A moment of clarity came over me this week – over the course
of a few days.
Processing all the hurt and damage from the monster’s abuse has been painful. The moments of clarity, while good, tend to have me feel anger all over again.
Once again, I find myself livid over my monster’s past actions. If the infidelities weren’t enough, he had been “sourcing supply” off and on for years. And while he says he wasn’t aware of what he was doing while seeking supply, the damage is done – especially since he received an email today from one of the women he’d been chatting with.
In my last post, I touched on anger and abuse. Today, I want to address fear.
I am afraid of my husband.
I never, ever thought I’d utter those words. But as the
memories of abuse flood me, that fear is real.
Why? He never hit me.
I told him the other day I wish he had.
If my monster had hit me 21 years ago when he was on what we now know call his “Narcissistic Bender,” I would have taken our kids and left. Never, ever would I allow a man to hit me. Ever.
If my monster had hit me, I wouldn’t have endured years of
verbal and emotional abuse.
You know what? I am mad. I am fuming mad.

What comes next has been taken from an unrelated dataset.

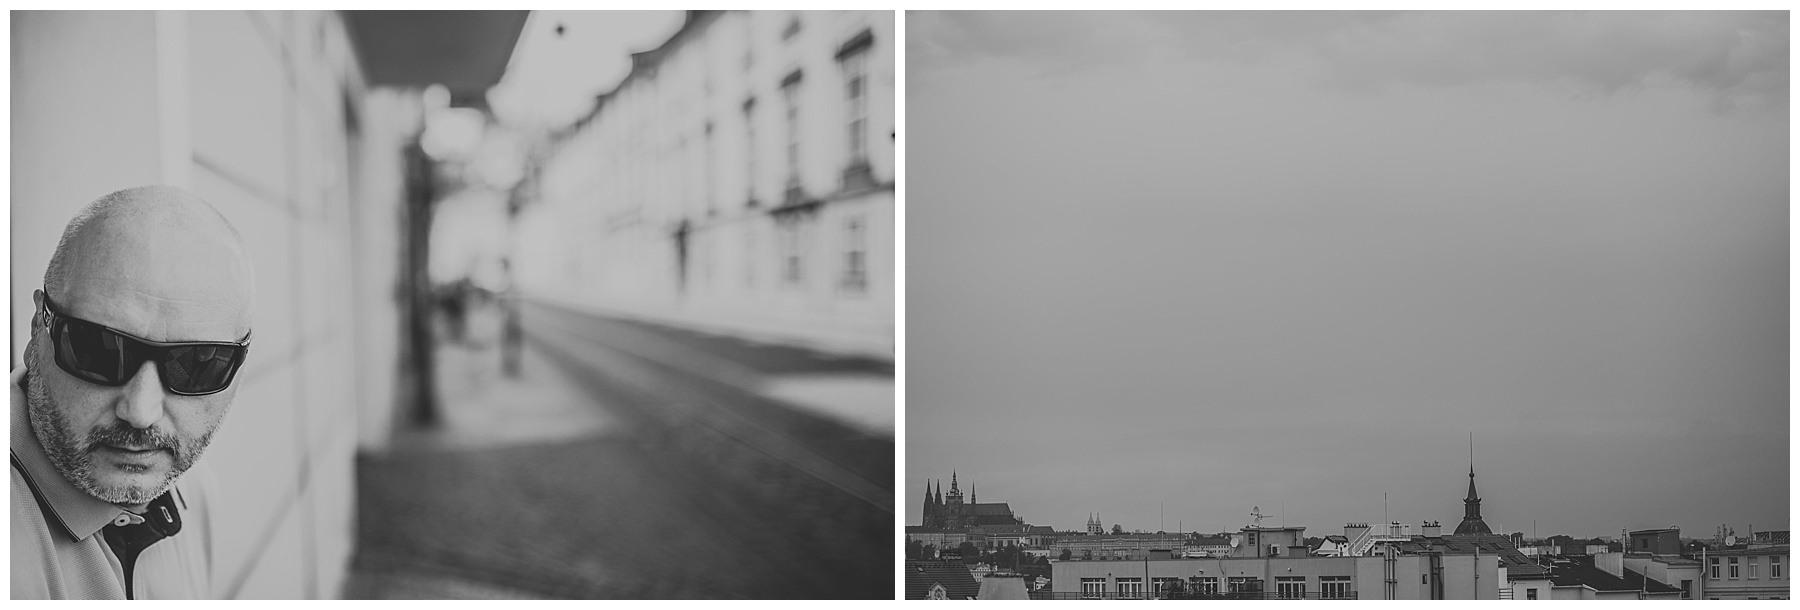 Praga_czechy_fotografia_2017-07-14_0013.jpg

I feel like I have
lost 35 years of my life with a man who claimed he loved me.
How can you say you love me?
One can’t love someone if they don’t love themselves. In
this case, my monster has been self-loathing all of his life. How on earth
could he love me if he didn’t love himself?
I want you to know that I am writing this from my
perspective of things I have discovered through this absolutely painful and
devastating journey. I am a follower of Christ, and it was by my gut – also
known as the Holy Spirit – that I encountered what the problem has been. I have
leaned into God so deeply that there may be in indentation in His body that is the
shape of mine. In six months, I have shed more tears than I had in a lifetime.
I want to share with you what I encountered, especially by “the church.” When you are told “God hates divorce” and that “All things are to His glory,” it sends nothing but a message of guilt and confusion to the abused spouse. While I am a Christian woman, a daughter of the Most High, I will tell you this – my journey is not being shared to tell you to “forgive and forget.” No – it is to share with you how I am healing. My goal is to be with you as you heal, whether you are a Christian or not. I plan to share with you how society and the church has let women down in so many ways – especially when dealing with the invisible damage of verbal, emotional and narcissistic abuse.
Imagine how excited you’d be, looking forward to a milestone. Yep, that was me. Earlier in 2018, my eyes were set on the prize. Our thirty-five-year anniversary was on the horizon. And we made it! We struggled through job losses, financial disasters, losing our home, the deaths of family and friends, military deployments, raising four children, continuing education and all the curve-balls of life. Family and friends alike were excited for us. In this day and age, being together for so long is the mark of success. And we were being rewarded for years of crazy with the perfect marriage. I envisioned us sitting together on our porch, watching the grandkids running through the yard, while enjoying retirement. We’d have our second home get-away near the ocean. In all of the nonsense we were dealt through the years, we were being rewarded for retaining a healthy and faithfully committed marriage.